Recherche 24. August 2020, von Eva Mell

Mit elf Jahren nahm das Leben eine jähe Wende

Krankheit

Magali Peter lebt mit Rasmussen-Enzephalitis, einer fortschreitenden Entzündung des Gehirns. Ihr Motto lässt sich die 15-Jährige aber nicht nehmen: Immer positiv denken.

Doch, meine Krankheit hat auch posi­tive Seiten», sagt Magali Peter schmunzelnd und zählt auf: «Ich traf die Schauspielerin Emma Watson und bin schon Helikopter geflogen.» Die 15-jährige Aarauerin blickt ihre Mutter an und fährt fort: «Das Blöde ist, dass ich vom Flug nichts mitbekommen habe. Aber unser Motto ist: positiv denken.»

Magali Peter leidet unter der seltenen Krankheit Rasmussen-Enzephalitis. Eine Entzündung befällt zunehmend ihre linke Gehirnhälfte. Dadurch hat Magali jeden Tag epileptische Anfälle und kann sich zeitweise nur im Rollstuhl fortbewegen, ihre rechte Hand nicht bewegen und kaum sprechen. Heute geht es ihr gut. Sie läuft gestützt von ihrer Mutter und erzählt bei Kaffee und Kuchen im Garten.

Es war keine Erkältung

Magali wischt sich durch Handy-Fotos, als ihr Auge plötzlich zuckt. Sie wirkt abwesend. «Das war ein epileptischer Anfall», erklärt ihre Mutter Marianne Peter. Schon ist er vorbei, und Magali zeigt das Foto mit Emma Watson, die in den Harry-Potter-Filmen mitspielte. Eine Stiftung, die Herzenswünsche schwerkranker Kinder und Jugendlicher erfüllt, machte das Treffen letztes Jahr möglich. Magali konzentriert sich auf schöne Erlebnisse, und schafft es, sie auch mit dramatischen Lebenslagen zu verbinden. Dazu gehört der Helikopterflug.
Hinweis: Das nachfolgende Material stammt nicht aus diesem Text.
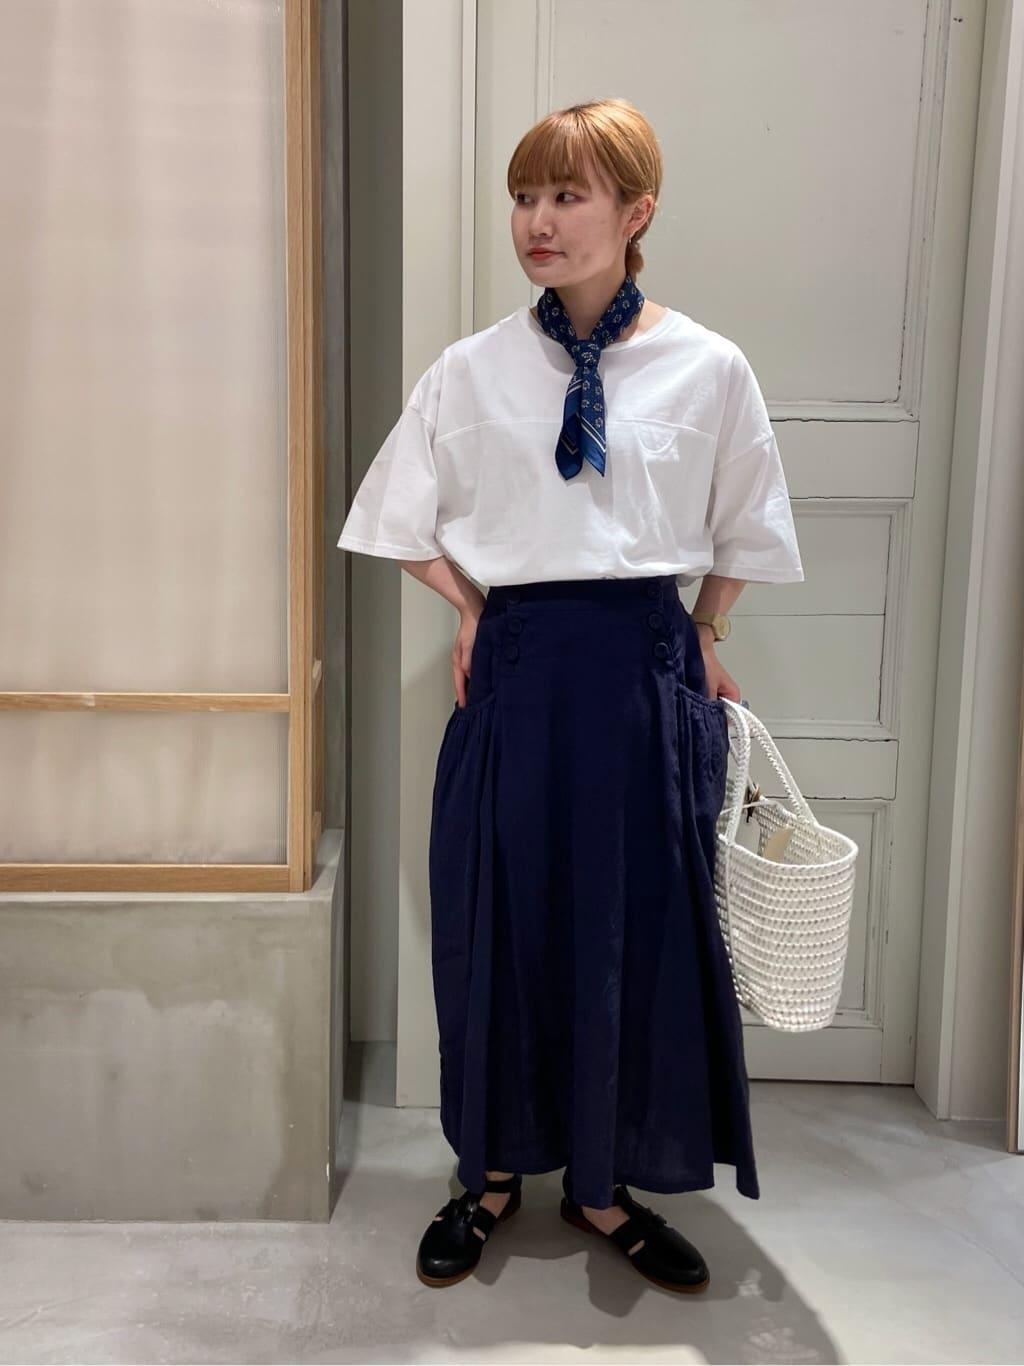 渋谷スクランブルスクエア 2021.06.15
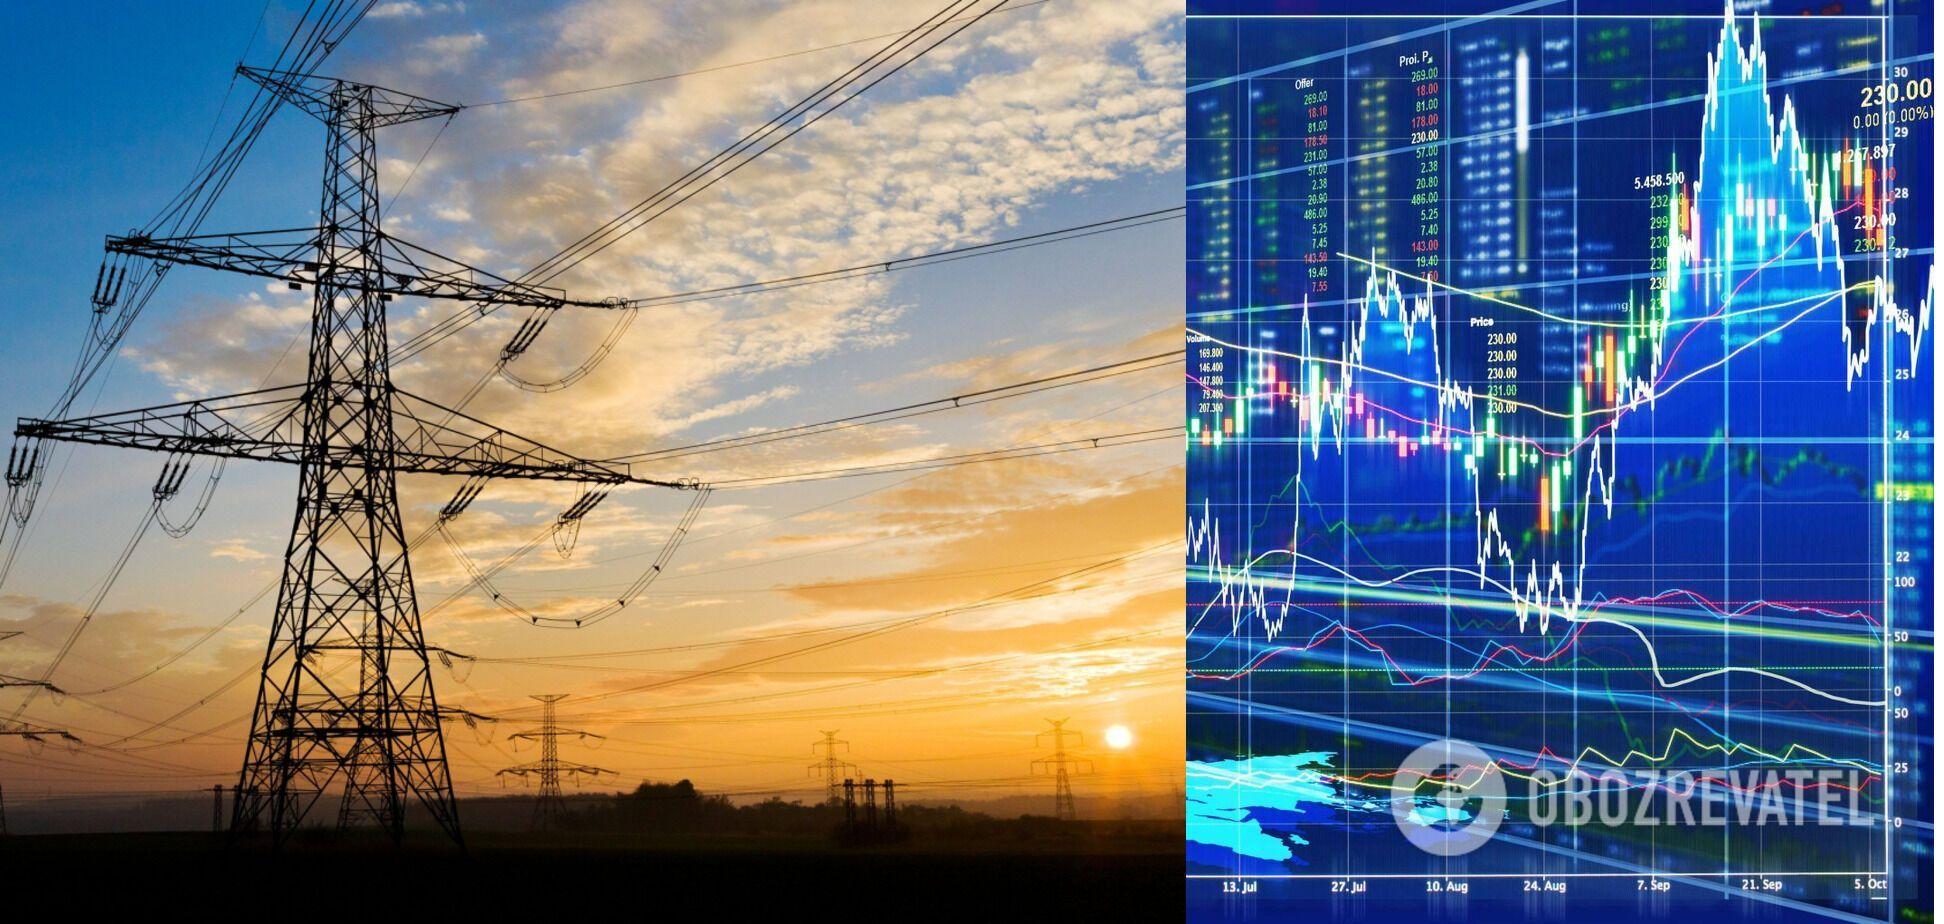 RAB-тариф є позитивним сигналом для приватизації державних обленерго, – член НКРЕКП

Sie war elf, als ihr Immunsystem plötzlich das Gehirn angriff. Die Spitalärzte dachten, sie sei erkältet, und empfahlen ein Erkältungsbad, also legte sich das Mädchen im Dezember 2016 in die Wanne. Die Mutter und der Bruder sortierten im Nebenzimmer Lego-Steine. Nach einer Weile schickte die Mutter den Bruder ins Bad: «Sag Magali, es reicht jetzt.» Als der Bub die Tür öffnete, lag seine Schwester auf dem Fussboden. Sie hatte in der Wanne einen epileptischen Anfall gehabt, war untergegangen und hatte es irgendwie geschafft, herauszusteigen. Mit dem Helikopter wurde das Mädchen ins Zürcher Kinderspital geflogen. «Irgendwie cool!», sagt Magali dazu.

 
Doch es gibt auch schwere Stunden. Ihre Situation verschlechtert sich, die Krankheit ist nicht heilbar. Magali würde am liebsten mit den Freundinnen in die Bezirksschule gehen, besucht aber eine Sonderschule. Letztes Jahr musste sie auf der Intensivstation beatmet werden. «Im Vergleich zur Magali mit elf Jahren ist es nun anders», sagt ihre Mutter und meint die Einschränkungen, mit denen ihre Tochter lebt. Das Mädchen reagiert empört: «Diese Magali ist hier!»
Welche Folgen die ständigen Angriffe auf ihr Gehirn noch haben werden, und ob, wie und wann die Krankheit ihr Leben beenden wird, darüber wollen Mutter und Tochter nicht spekulieren. Lieber planen sie die nächsten Besuche von Magalis Freundinnen. Zwei bis drei Mal im Jahr kommen sie zum Übernachten. «Dann bleiben wir lange auf», sagt Magali. «Wir spielen ‹Wahrheit oder Pflicht› und schauen Filme.»

Ballerinas zur Konfirmation

An diesem Sommertag freut sich Magali besonders auf ihre Konfirmation, die wegen der Corona-Pause auf Ende August verschoben wurde. Wann immer es ihr gut genug ging, besuchte sie den Unterricht. Warum war ihr die Konfzeit so wichtig? «Einerseits wegen der Geschenke», sagt Magali mit einem Augenzwinkern. «Andererseits, weil ich im Unterricht meine Freundinnen sehen konnte.» Und dann holt Magali das Outfit aus dem Schrank, in dem sie den Abschluss dieser besonderen Zeit feiern möchte: Ein blaues Kleid mit ein wenig Spitze verziert und silberfarbene Ballerinas. Ihre Augen leuchten.